TOJ1196: RSA Signing

题不在多，大概是多了也可能就是菜逼

1196: RSA Signing 

Time Limit(Common/Java):3000MS/30000MS     Memory Limit:65536KByte
Total Submit: 20            Accepted:5

Description

 

In cryptography, RSA is an algorithm for public-key cryptography. It was the first algorithm known to be suitable for signing as well as encryption, and one of the first great advances in public key cryptography. RSA is widely used in electronic commerce protocols, and is believed to be secure given sufficiently long keys and the use of up-to-date implementations.

    RSA involves a public key and a private key. The public key can be known to everyone and is used for encrypting messages. Messages encrypted with the public key can only be decrypted using the private key. The keys for the RSA algorithm are generated the following way:

 

1. Choose two distinct large random prime numbers p and q
2. Compute n = p * q
3. Compute the totient: φ(n) = (p-1) * (q-1)
4. Choose an integer e such that 1 < e < φ(n), and e and φ(n) share no factors other than 1
5. Compute d to satisfy the congruence relation d * e ≡ 1 mod (φ(n))

    The public key consists of the modulus n, and the public (or encryption) exponent e.
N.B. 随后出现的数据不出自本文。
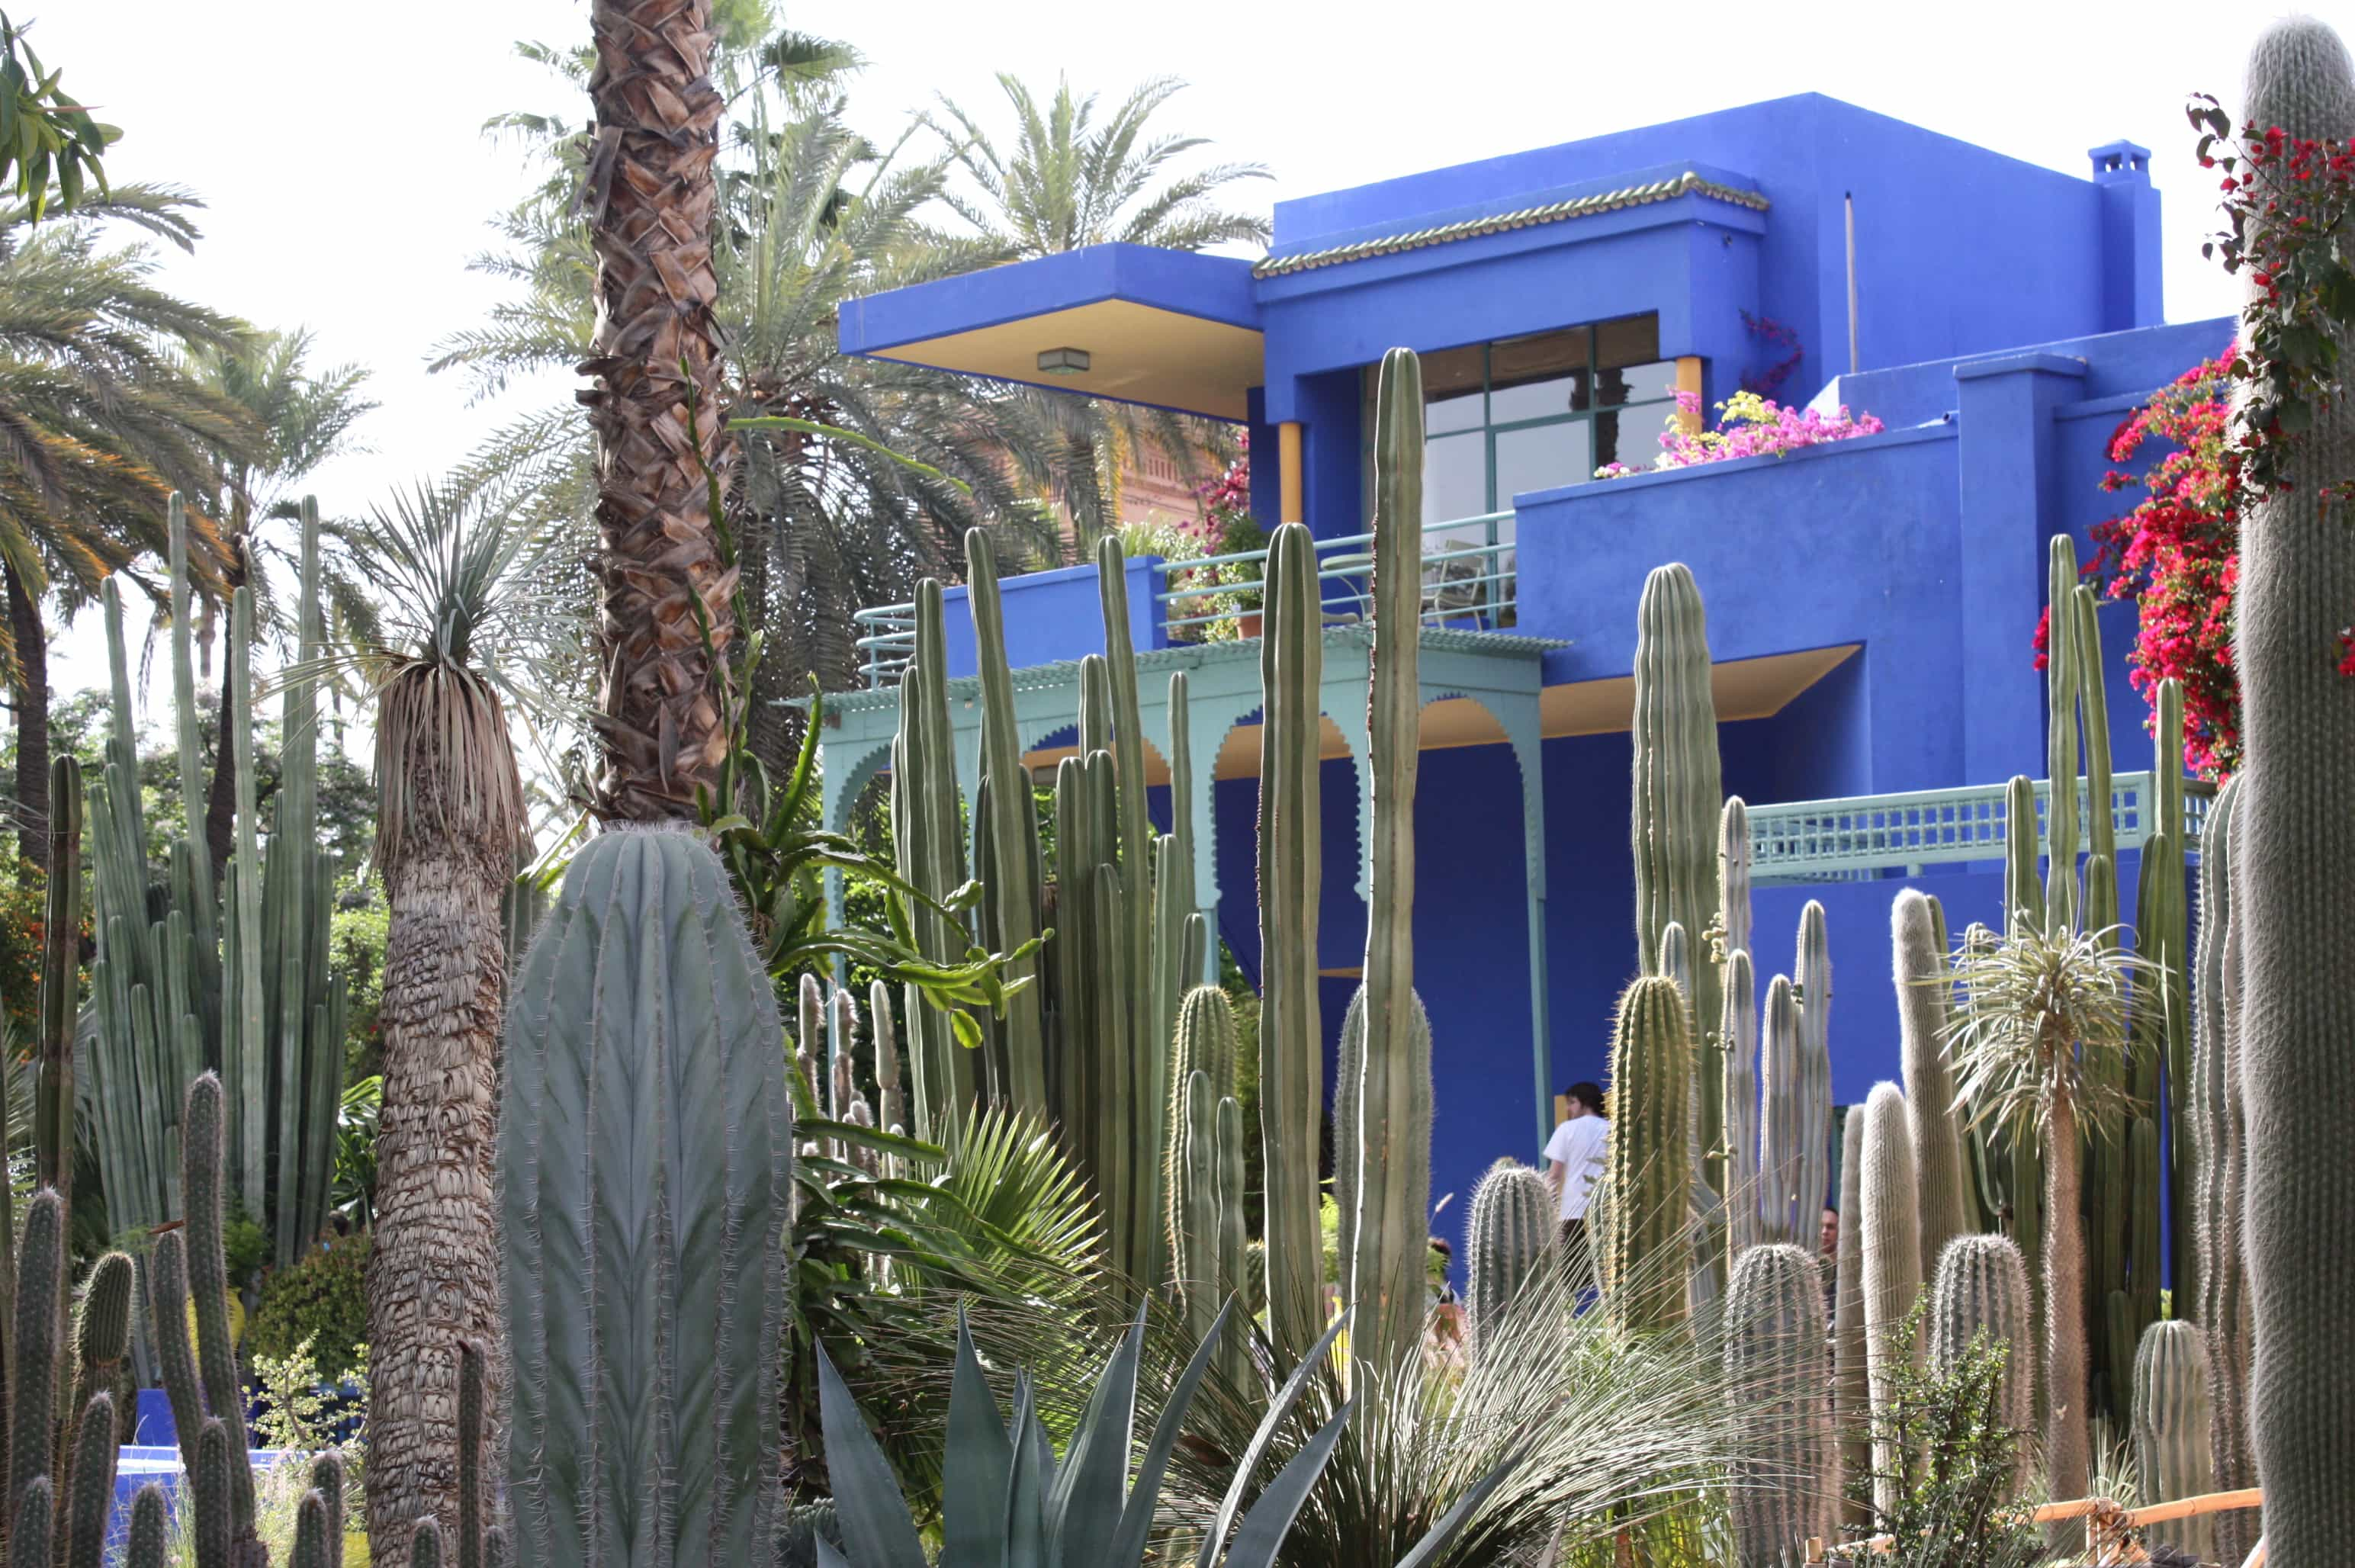 Marjorelle blue house

The private key consists of the modulus n, and the private (or decryption) exponent d, which must be kept secret.

Encrypting messages:
    Alice transmits her public key (n,e), to Bob and keeps the private key secret. Bob then wishes to send message M to Alice. He first turns M into a number m < n. Then computes the ciphertext c, corresponding to:
    c = m^e mod n
This can be done quickly using the method of exponentiation by squaring. Bob then transmits c, to Alice.

Decrypting messages:
Alice can recover m from c, by using her private key exponent d, by the following computation:
    m = c^d mod n
Given m, she can recover the original message M.

    Suppose Alice uses Bob's public key to send him an encrypted message. In the message, she can claim to be Alice but Bob has no way of verifying that the message was actually from Alice since anyone can use Bob's public key to send him encrypted messages. So, in order to verify the origin of a message, RSA can also be used to sign a message. Suppose Alice wishes to send a signed message to Bob. She can use her own private key to do so. She produces a hash value of the message m, raises it to the power of d mod n (as she does when decrypting a message), and attaches it as a "signature" to the message. When Bob receives the signed message, he uses the same hash algorithm in conjunction with Alice's public key. He raises the signature to the power of e mod n (as he does when encrypting a message), and compares the resulting hash value with the message's actual hash value. If the two agree, he knows that the author of the message was in possession of Alice's secret key, and that the message has not been tampered with since.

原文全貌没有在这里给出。